- **The data**:
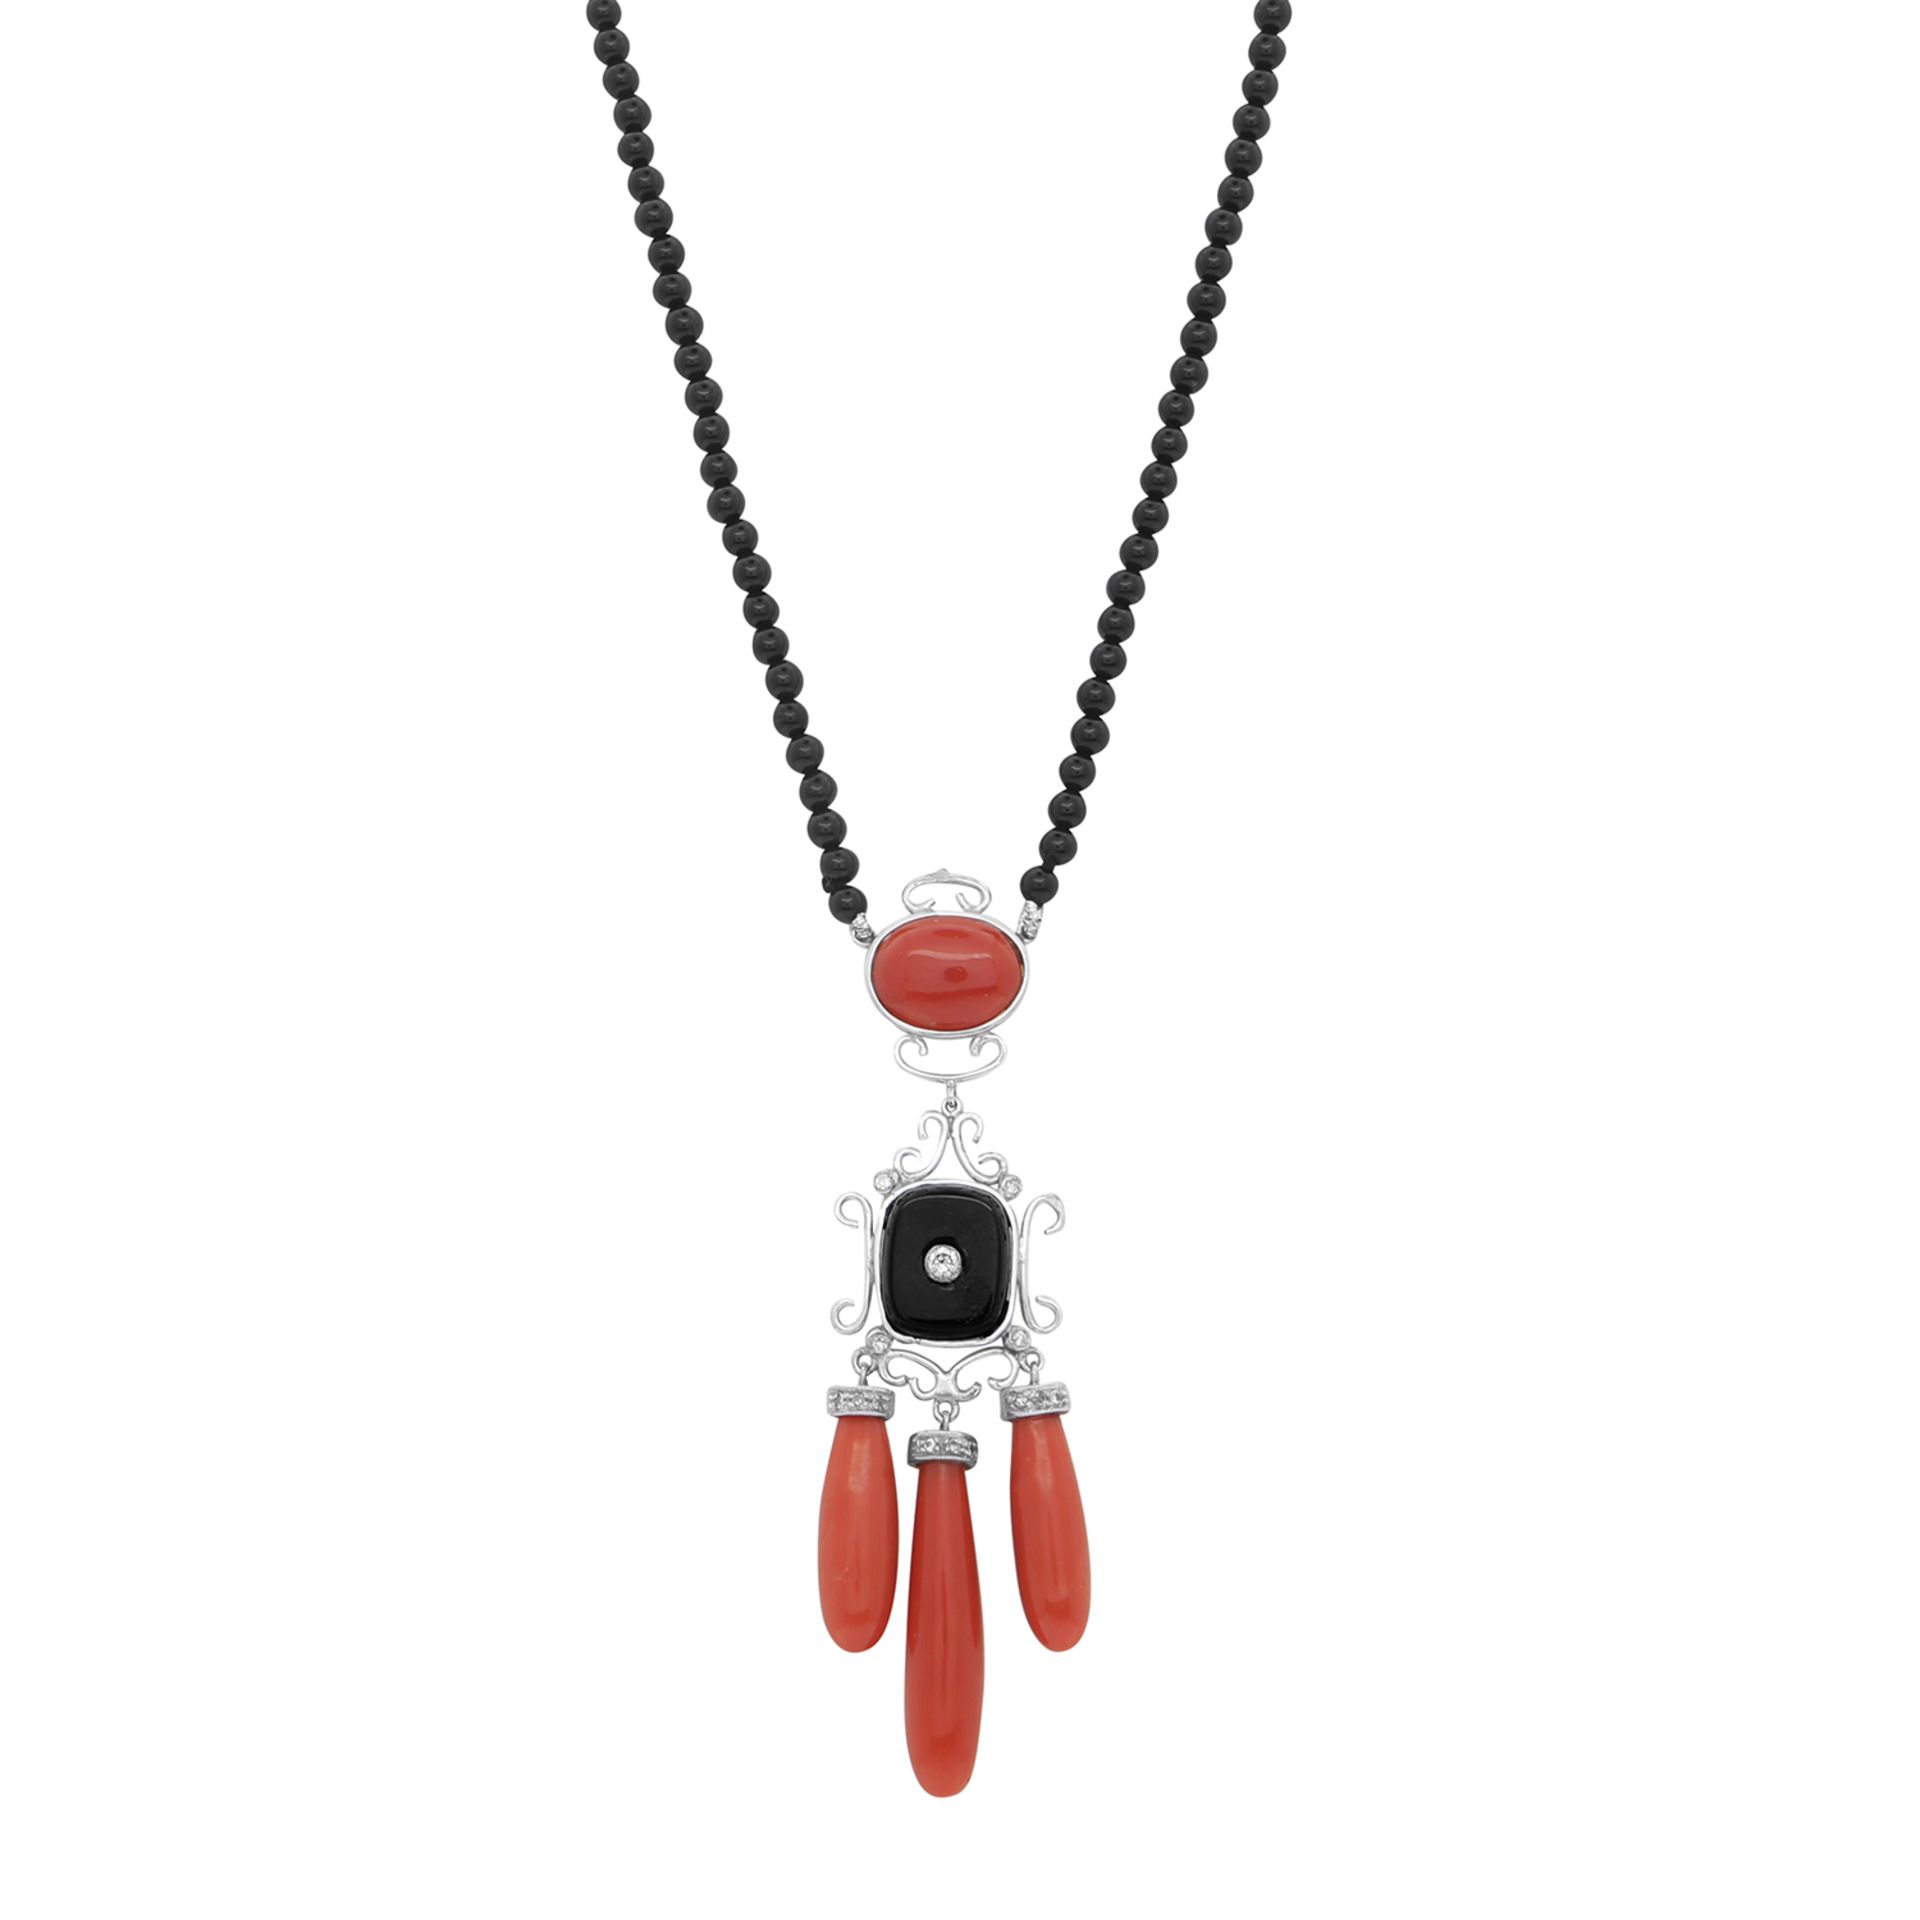 AN ART DECO ONYX, CORAL AND DIAMOND NECKLACE in 18ct white gold, the onyx bead necklace with a coral
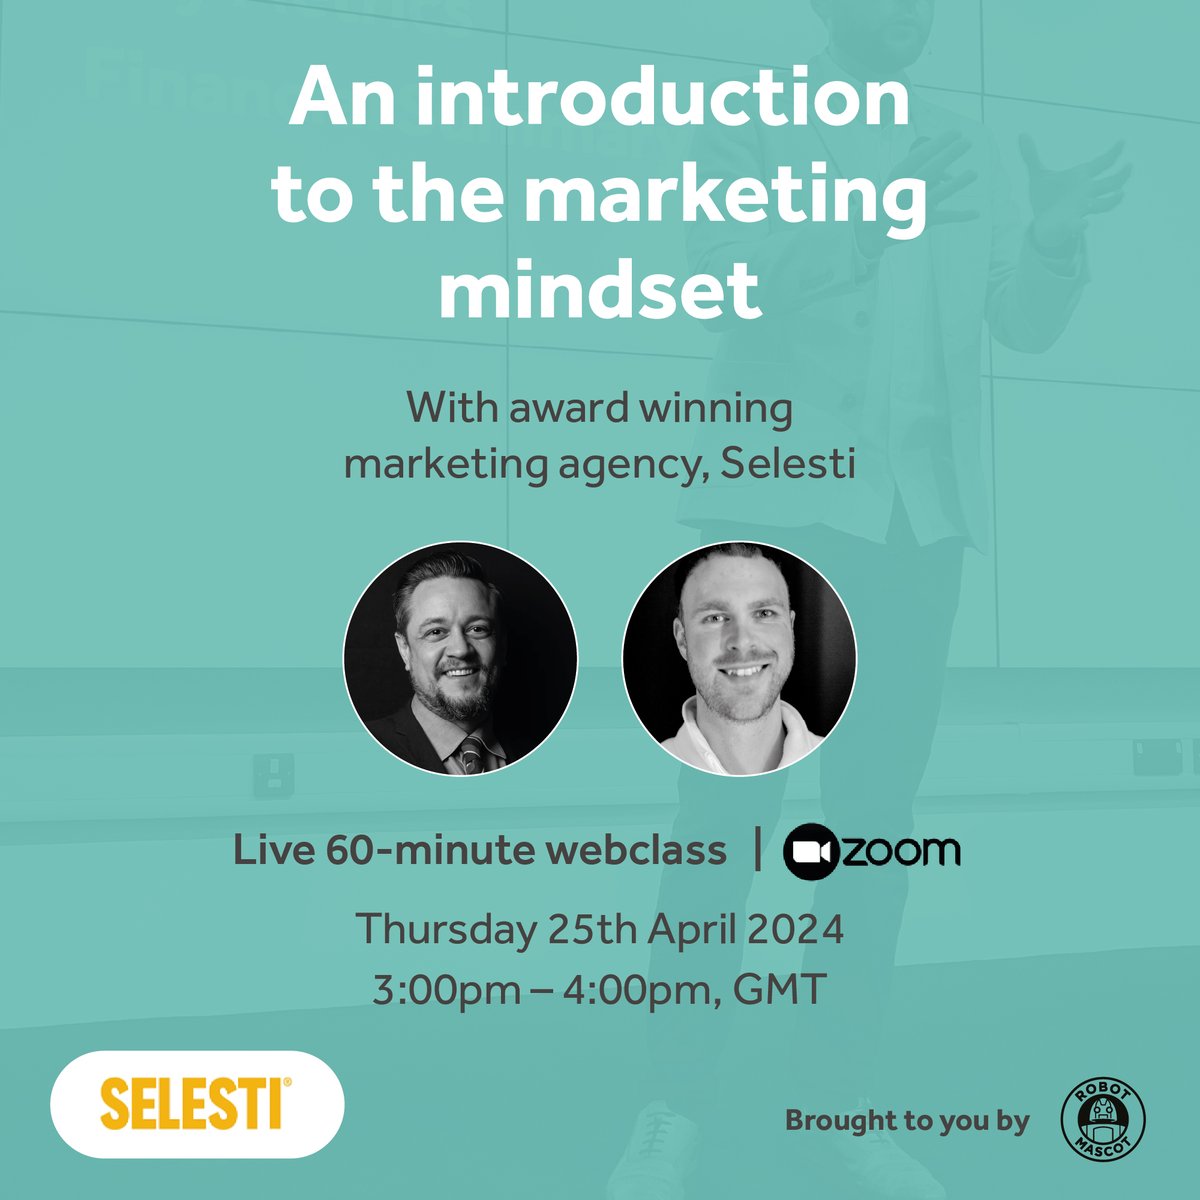 ⏰ Only 2 Weeks Left! ⏰

Unlock the secrets to success in our upcoming webinar, 'An Introduction to the Marketing Mindset' on April 25th at 3:00 pm 🗓️

Reserve your FREE spot today: robotmascot.co.uk/an-introductio…

#MarketingWebinar #GrowthStrategy #MarketingMindset

- **Work order**:
Without copying any picture, repeat the full listing above word for word.

- **Task output**:
 AN ART DECO ONYX, CORAL AND DIAMOND NECKLACE in 18ct white gold, the onyx bead necklace with a coral
 ⏰ Only 2 Weeks Left! ⏰

Unlock the secrets to success in our upcoming webinar, 'An Introduction to the Marketing Mindset' on April 25th at 3:00 pm 🗓️

Reserve your FREE spot today: robotmascot.co.uk/an-introductio…

#MarketingWebinar #GrowthStrategy #MarketingMindset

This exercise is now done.